NashTech Blog

Part 3 – Akka Persistence in Production: The Coffee Shop That Became a Global Franchise

Table of Contents

Welcome back to the Akka Persistence series! In Part 1: From Coffee Shops to Game Save/Load, we explored what Akka Persistence is and how it works. Following that, Part 2: The Akka Coffee Shop’s Secret delves into the inner workings like Event vs. State, Snapshots and Projections.

We’ve seen how Akka Persistence helped Khanh build a resilient coffee shop, handling everything from a simple loyalty program to a major power outage. But the shop didn’t stay small. It became a franchise. Khanh’s coffee shop becomes so popular that she needs to expand to multiple branches, serving thousands of customers, and even a new mobile app for pre-orders, the stakes are now higher: downtime costs money and system design must handle scale and evolution.
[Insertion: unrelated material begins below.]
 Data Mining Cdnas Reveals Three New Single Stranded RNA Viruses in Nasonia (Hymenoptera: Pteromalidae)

Today, we’re taking the final step of our journey. If our coffee shop is successful and expands globally, how will Akka Persistence be applied in a real production environment? We’ll explore the hard-won lessons of Clustering, Scaling, and the real-world challenges of bringing Akka Persistence to life.

Let’s walk through the next set of challenges our coffee shop faced, and how Akka Persistence in production offers solutions.
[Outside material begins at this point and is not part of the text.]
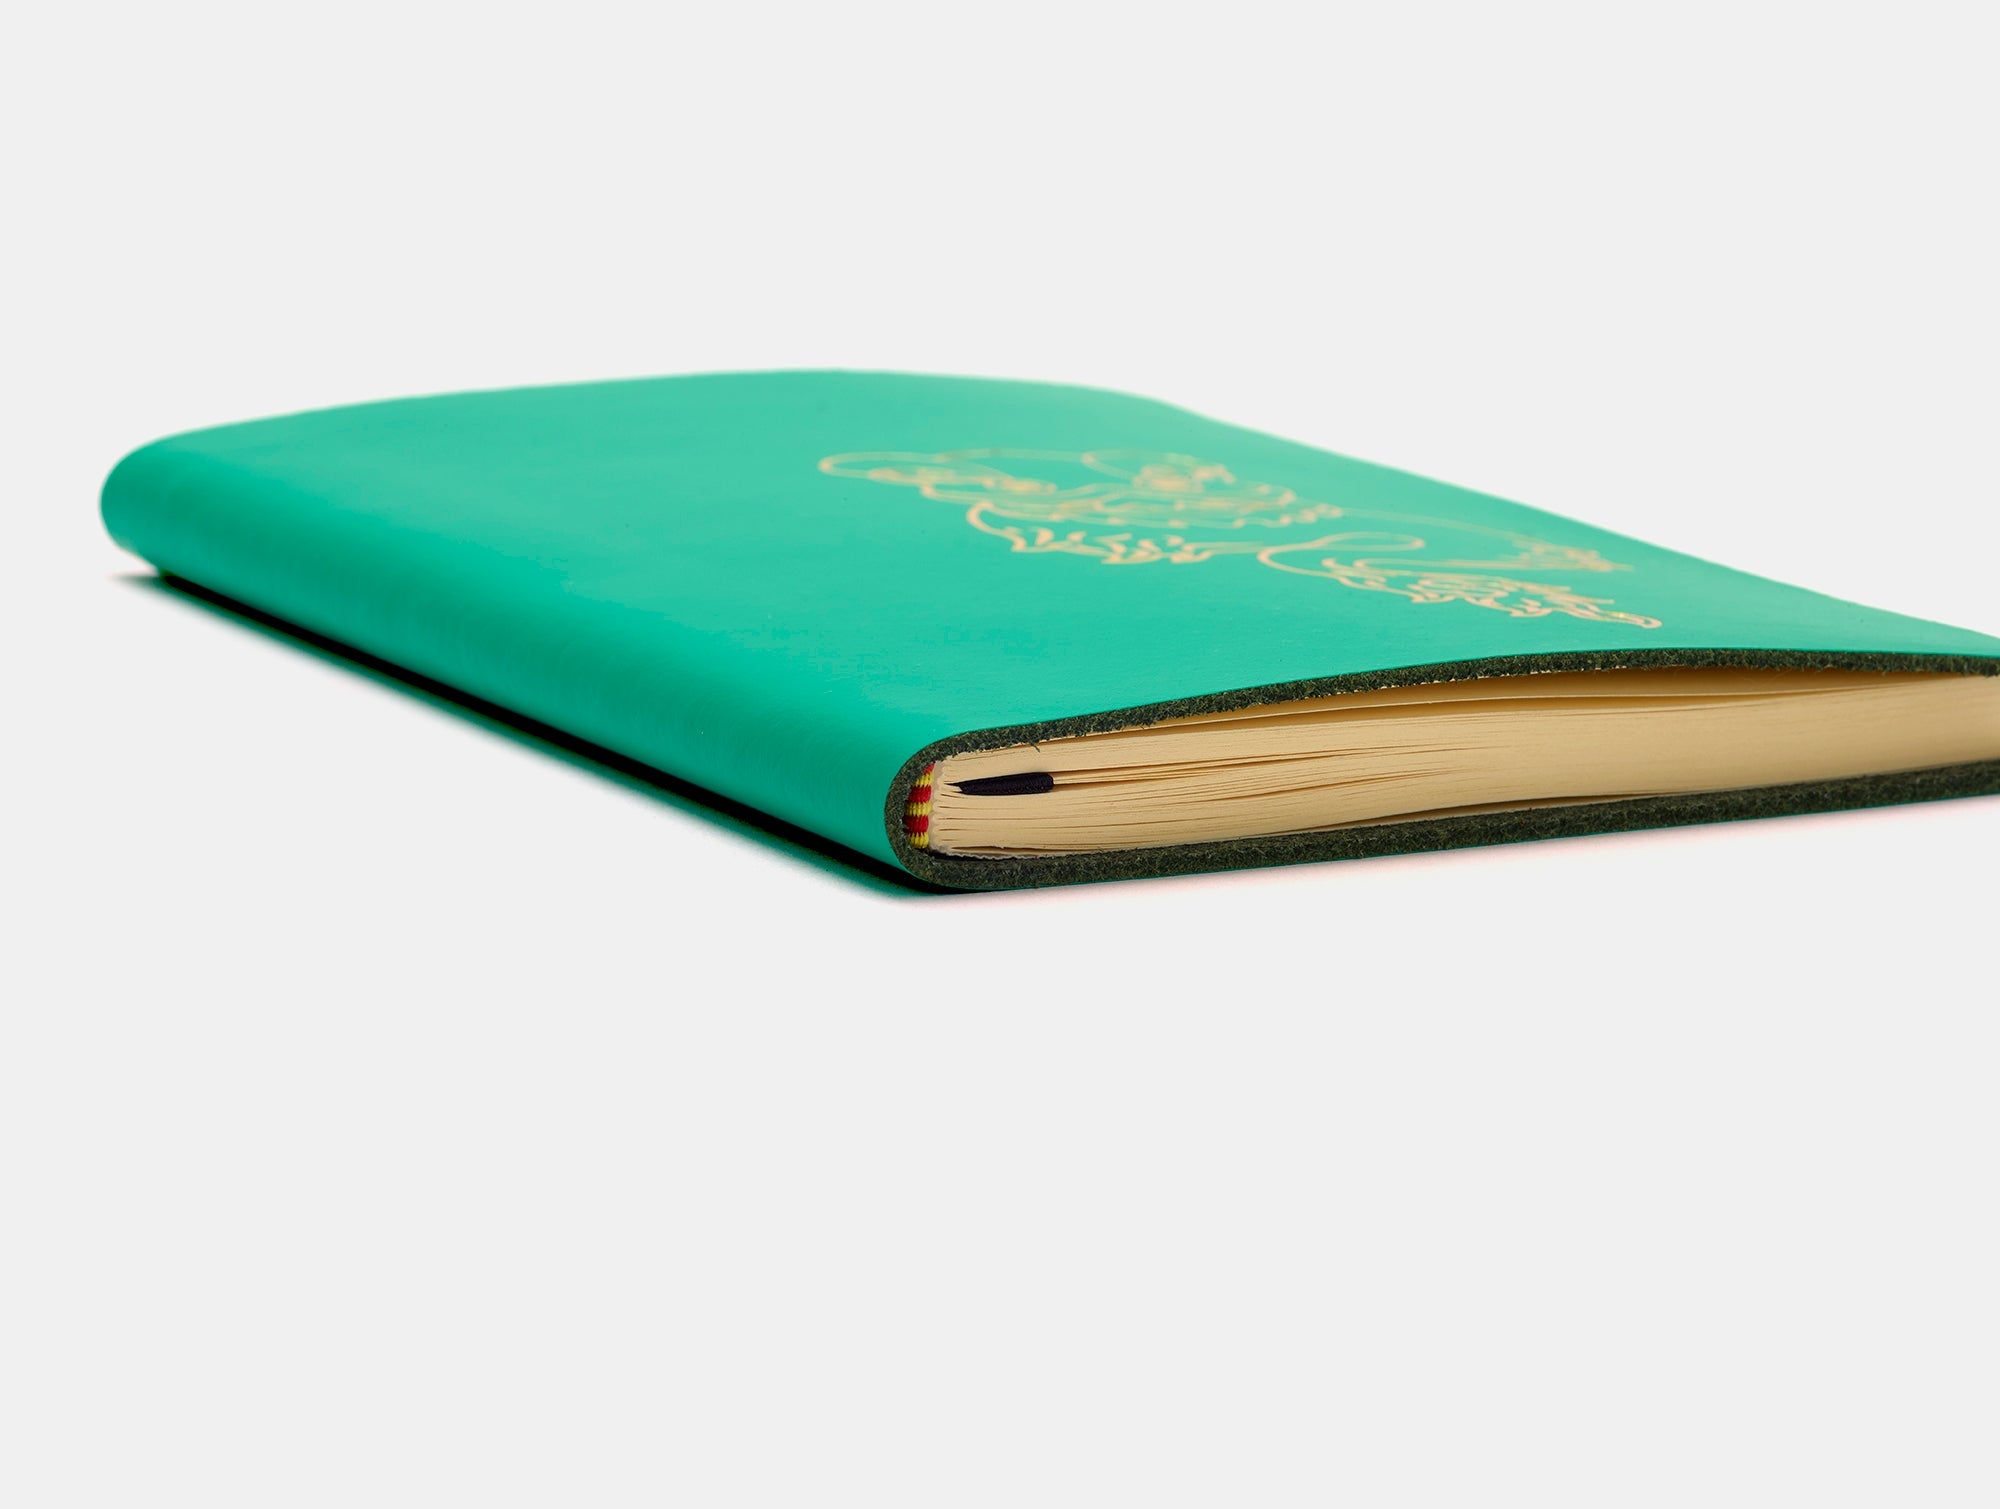 The Lunar New Year A6 Notebook - Emerald Green

1. Challenge 1: From Monolith to Distributed Systems – Designing a Microservice

Khanh’s single-machine Akka application was a brilliant start, but as she opened branches in different cities, she realized a new strategy was needed. Each city branch had to be its own independent unit, a microservice, responsible for its own orders and customer data.

This led to a new design pattern:

  • Domain: The business concept itself, like a CoffeeOrder or a CustomerAccount.
  • Actor: A single actor instance in Akka, like OrderActor-123, that handles all commands related to a specific domain entity.
  • Persistence: The EventSourcedBehavior we’ve already discussed, saving every state-changing event for recovery.
  • Projection: The mechanism that reads these events and projects them into a read model (e.g., a database for analytics or a search index) for reporting and querying.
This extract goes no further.